OPINION: Can we rediscover our optimism?

January 19, 2021 by Glenn Mangurian

If you are a regular reader of my monthly emails you know that my goal is to write only positive and thought provoking essays. Recent months have been challenging because of the political, social and health challenges that have created high levels of stress and anxiety for all of us.

A Civil War of Words

Like you, I have been struggling with the news and national negative conversation. We are in the midst of a civil war of words supported by daily video images of violence and political infighting. We seek emotional safety retreating to our tribes of like-minded people who fear for the future of our country and are wary of prolonged civil unrest. Our polarized politics have strained family, friendship and collegial relationships. 2021 promised to be a different year – a year of reconciliation and unity. Little did we know what was to happen on January 6th. On top of all that, the coronavirus is killing our citizens at an alarming and increasing rate - just passing 400,000 people.

Remembering MLK

I decided to think about the legacy of Dr. Martin Luther King Jr. I listened to his iconic speech delivered at the Lincoln Memorial for the 1963 March on Washington for Jobs and Freedom.
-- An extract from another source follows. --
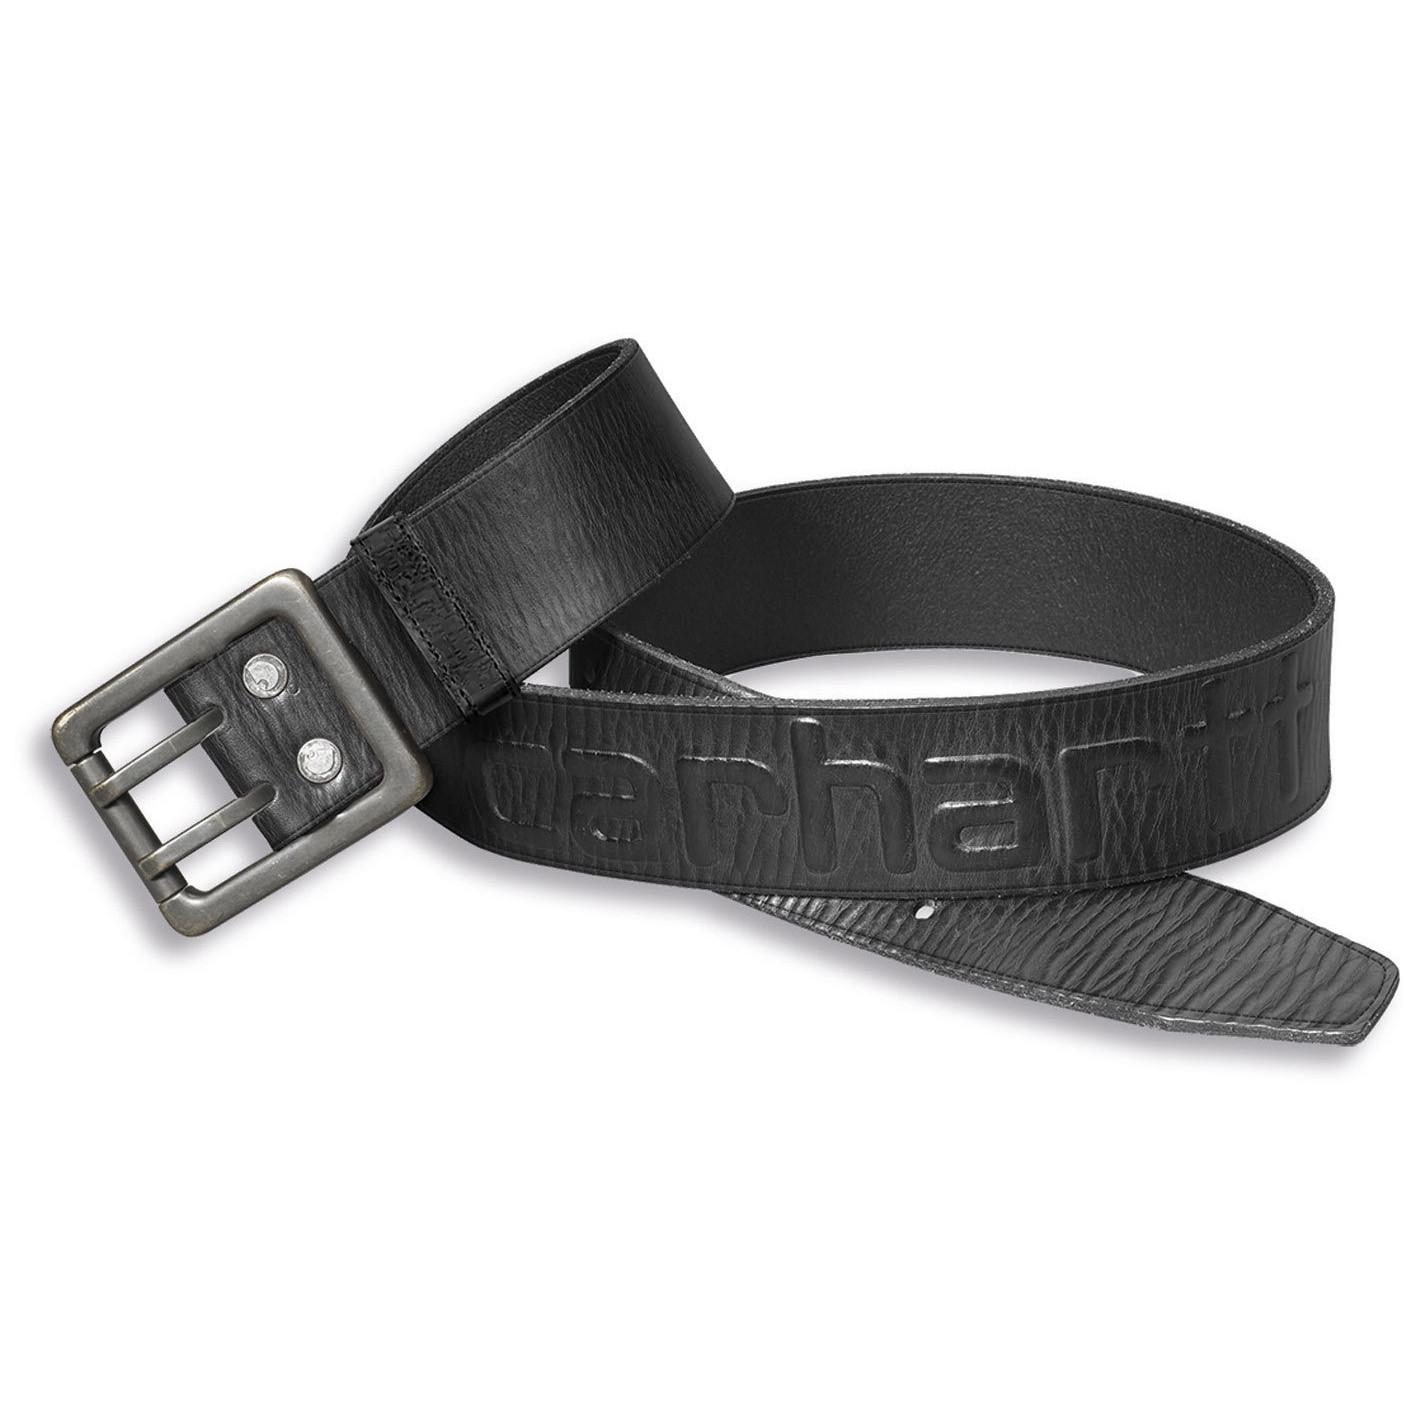 Ремень кожаный Carhartt Logo Belt - 2217 (Black, W34)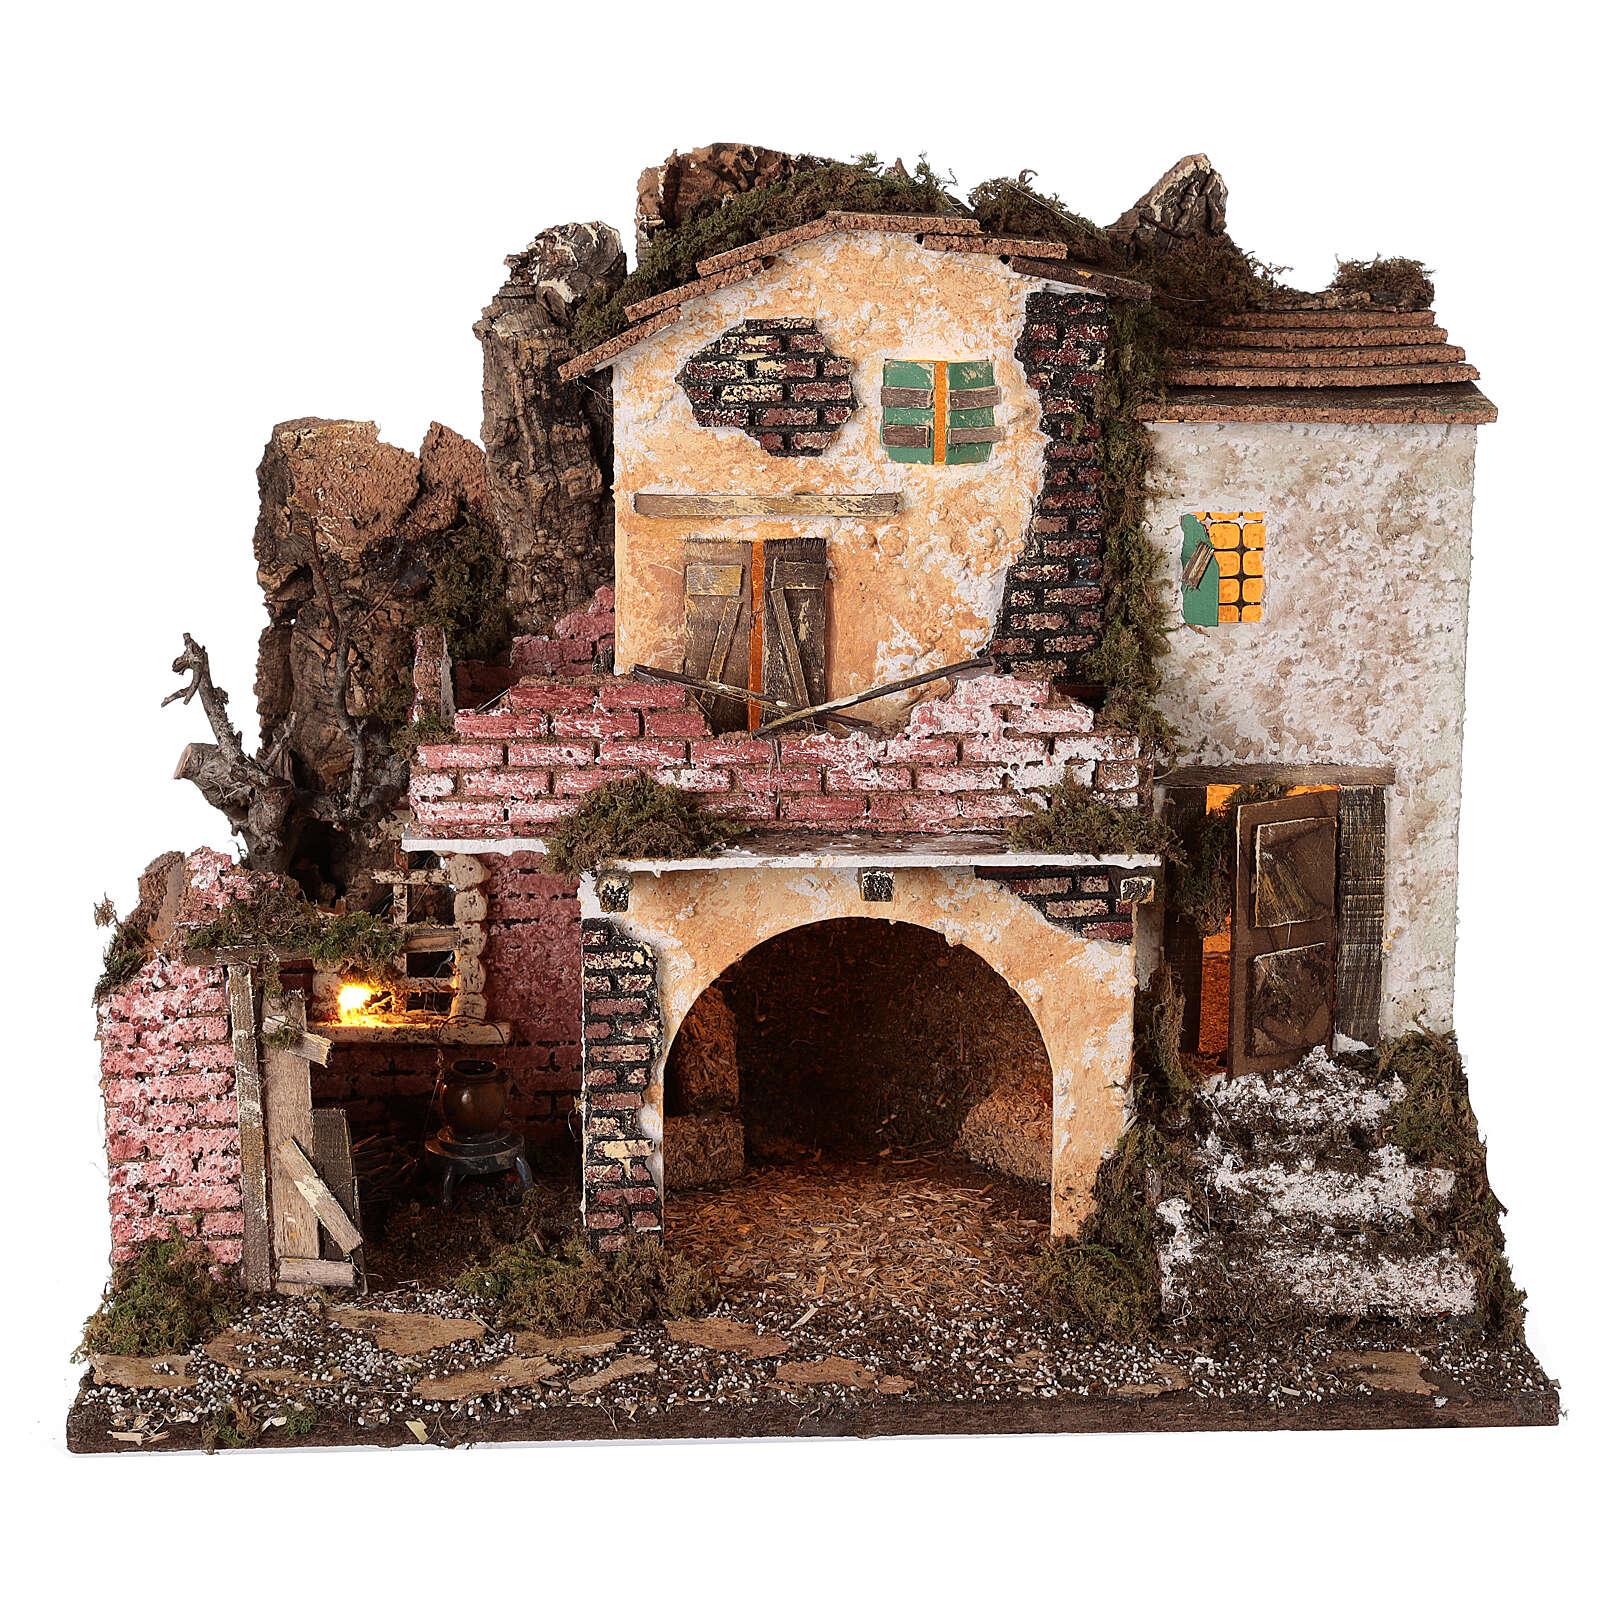 Village porche maçonnerie éclairage et feu 40x45x30 cm Nativité 10 cm 4

Let us not seek to satisfy our thirst for freedom by drinking from the cup of bitterness and hatred. We must forever conduct our struggle on the high plane of dignity and discipline. We must not allow our creative protest to degenerate into physical violence. Again and again, we must rise to the majestic heights of meeting physical force with soul force.

I say to you today, my friends, so even though we face the difficulties of today and tomorrow, I still have a dream.  It is a dream deeply rooted in the American dream.

This is the faith that I go back to the South with. With this faith we will be able to hew out of the mountain of despair a stone of hope. With this faith we will be able to transform the jangling discords of our nation into a beautiful symphony of brotherhood.

Underlying Dr. King’s message was optimism – the confidence in and hope for a better future. That sentiment is integral to our national ethos of “creating a more perfect union”. We take pride in calling our country the “land of opportunity”. As discouraging as things are now, we can’t live in fear of what might happen tomorrow.

It's Our Choice

We often expect our leaders to create optimism for us. Aren’t optimism and pessimism our states of mind; windows on the world which influence how we act? While leadership can contribute to how we view our situations, in the end it is our choice. When we are optimistic, we have more energy, are happier and do more meaningful things.

Positive Psychology

Dr. Martin Seligman and Dr. Mihaly Csikszentmihalyi popularized the concept of positive psychology in 1998. The basic premise of positive psychology is that human beings are often drawn by the future more than they are driven by the past. In other words how we think about the future influences our happiness today.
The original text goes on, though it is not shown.